Seventy-Five Views of the Golden Gate Bridge
These images are selected from a larger work-in-progress titled “Seventy-Five Views of the Golden Gate Bridge”—a collection of black and white photographs inspired by the Japanese artist Hokusai’s, “Thirty-Six Views of Mount Fuji.” Following in Hokusai’s footsteps, I’ seek to capture the Golden Gate Bridge in a variety of seasons and weathers and moods.
I often tell myself that the Golden Gate Bridge is like a marvelous movie star with an unlimited wardrobe: she uses the fog as evening gowns, clouds as hairstyles, and the waves as her high-heeled shoes. As the wind continually shifts her garments, I do my best to capture the show.
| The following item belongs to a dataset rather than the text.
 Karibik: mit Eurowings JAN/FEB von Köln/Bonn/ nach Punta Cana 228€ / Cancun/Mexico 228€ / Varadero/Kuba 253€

Shooting the Bridge, I have run into many hidden challenges as well. Often the fog, wind, and stinging rain are so cold that I feel like I’m working in snow country. It’s almost as if the bridge has her own private weather systems, which she swirls and commands to protect her secrets long before I can even finish setting up my tripod. Even something as simple as getting permission to access the bridge often seems like an insuperable task, whether I’m dealing the City or with private home and office owners who sharing views of the bridge from their windows.
Most challenging of all, the Golden Gate Bridge is among the most frequently-photographed landmarks on earth: how then can I find fresh ways to capture her timeless beauty? This in turn means learning how to see the Golden Gate itself with fresh eyes—to transform a postcard landmark admired by millions into revelations frozen in time.